Martin Baxter wrote:
JimC wrote:

And you did take math, and geometry in high school? Consider a typical
crew of two people (assume total weight of 350 lbs) and a skipper of 230
lbs. (about my weight). Assuming that the skipper is sitting on the
captain's chair, about 1.5 ft forward of the center of the motor, and
about 16 feet aft of the center of mass. Assuming that the two crew
members are sitting two and three feet forward of the captain,
respectively, their total mass will be the equivalent of 350 pounds
positioned about 14.5 feet from the center of mass about which the boat
has a tendency to pitch. The motor, at about 220 pounds is about 17.5
feet from the center of mass.
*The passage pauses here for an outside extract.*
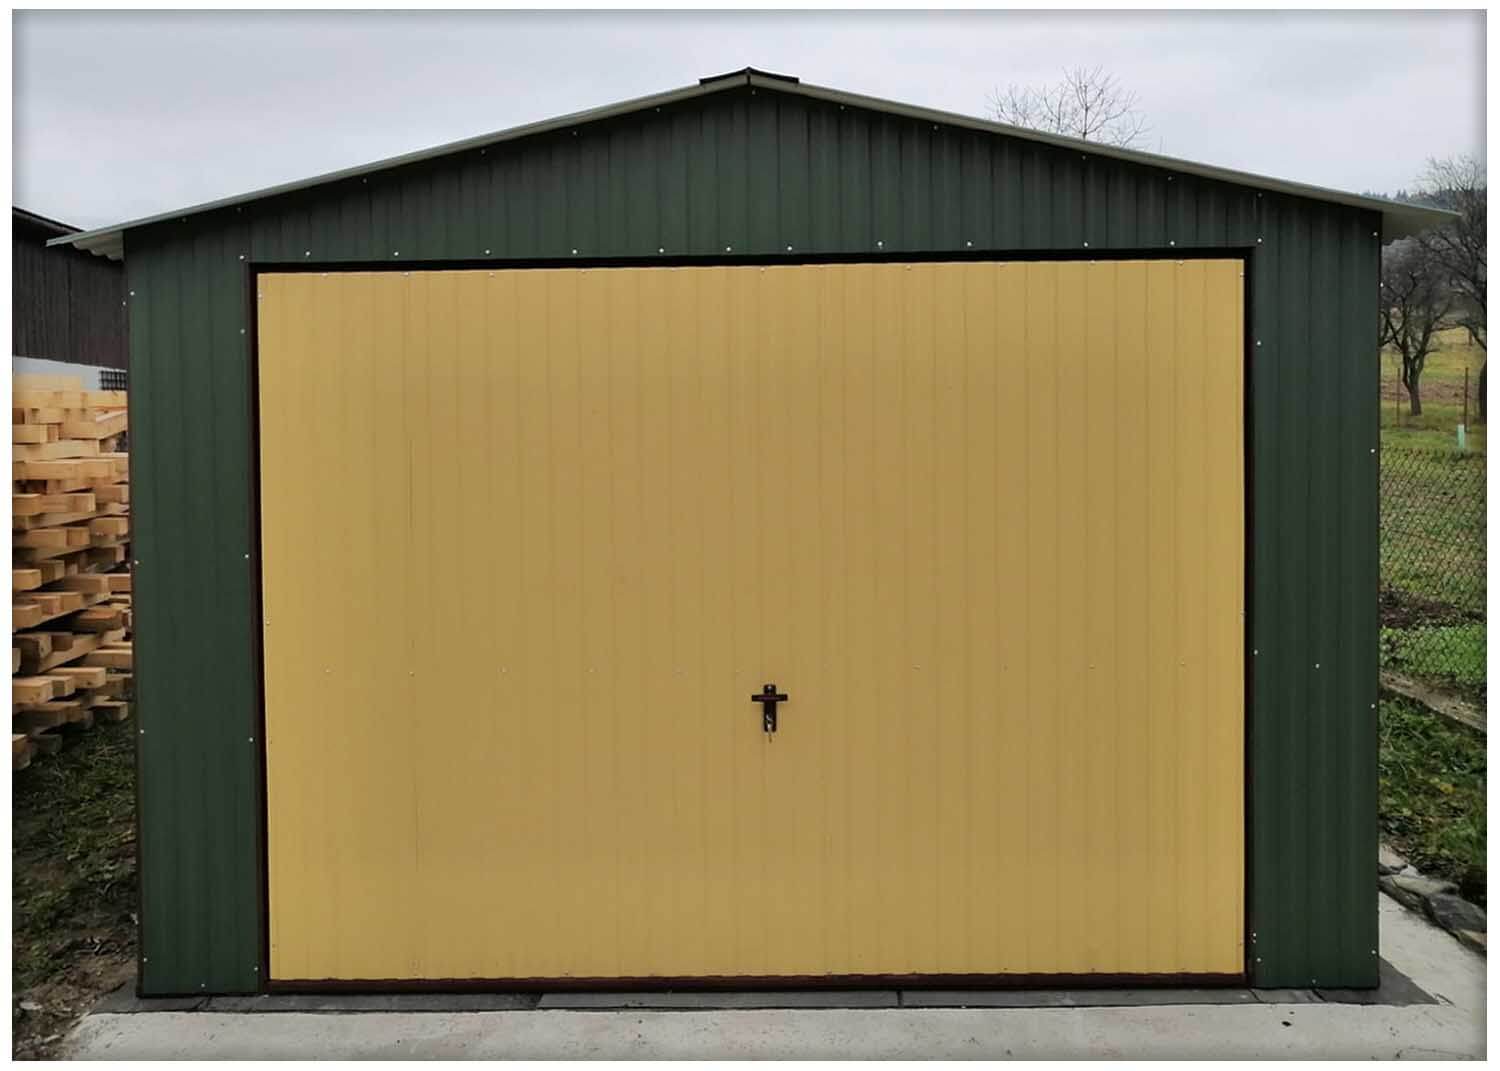 Plechová garáž 3.5 x 5m, RAL 6020 stěny + výklopná vrata RAL 1002

Squaring the distances, the relative
values of the rotational momentum of the skipper and crew are more than
twice that of the motor, despite the fact that they are closer to the
center of mass. Once again, Jeff, your theories are simply wrong. (If
you wish, I'll provide the calculations and "foot pounds" or whatever,
in greater detail.)

Jim:

I thought I'd run your numbers through my calculator, just for fun:

(14.5ft)^2*350lbs=7.36E4ft^2-lbs , that's 73,600 for the exponent
challenged.

(17.5ft)^2*220lbs=6.74E4ft^2-lbs , 67,400 ....

Maybe you think that 73,600 is more than TWICE 67,400, but I beg to
differ. To a physicist, they're essentially the same thing.

Point to Jeff.

Gawd, I don't believe other people are still reading this!
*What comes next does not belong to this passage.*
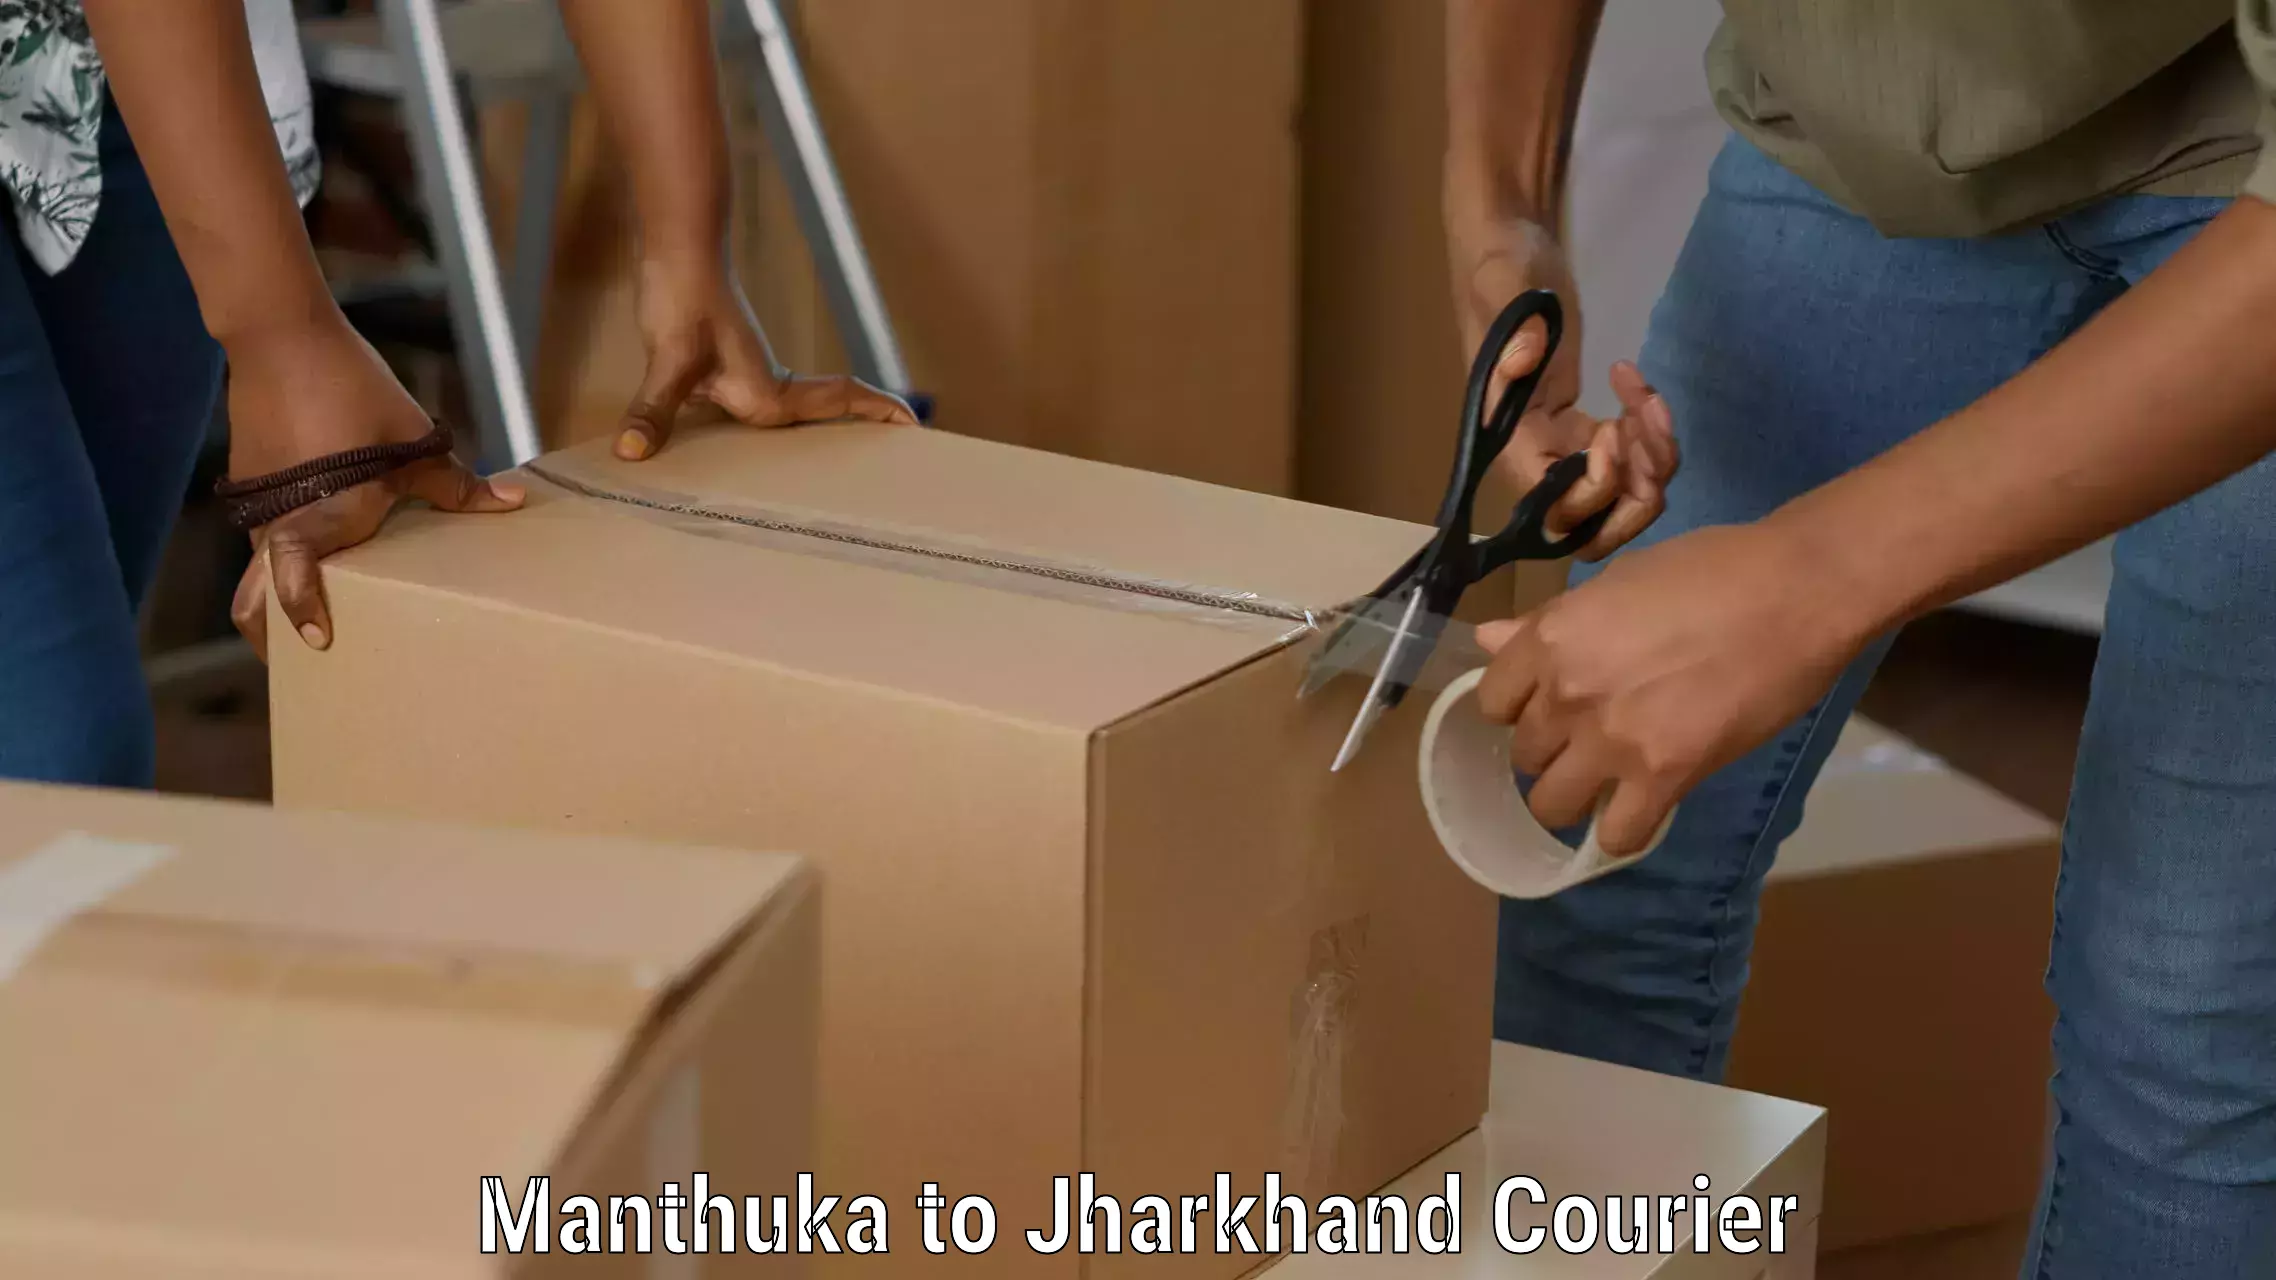 Advanced shipping technology Manthuka to Ramgarh

Thanks for doing the math, but the are a few problems here. Jim uses
his weight (230 lbs) when clearly this should be done with a
"standard" weight (160 lbs). Secondly, Jim invents the figure of 16
feet forward of the helm seat for the center of mass, which puts it
only 8.5 feet aft of the bow! Clearly, it has to be more like 11-12
feet forward of the stern. This has a huge affect on the r^2 part of
the formula, especially for the crew forward of the helm.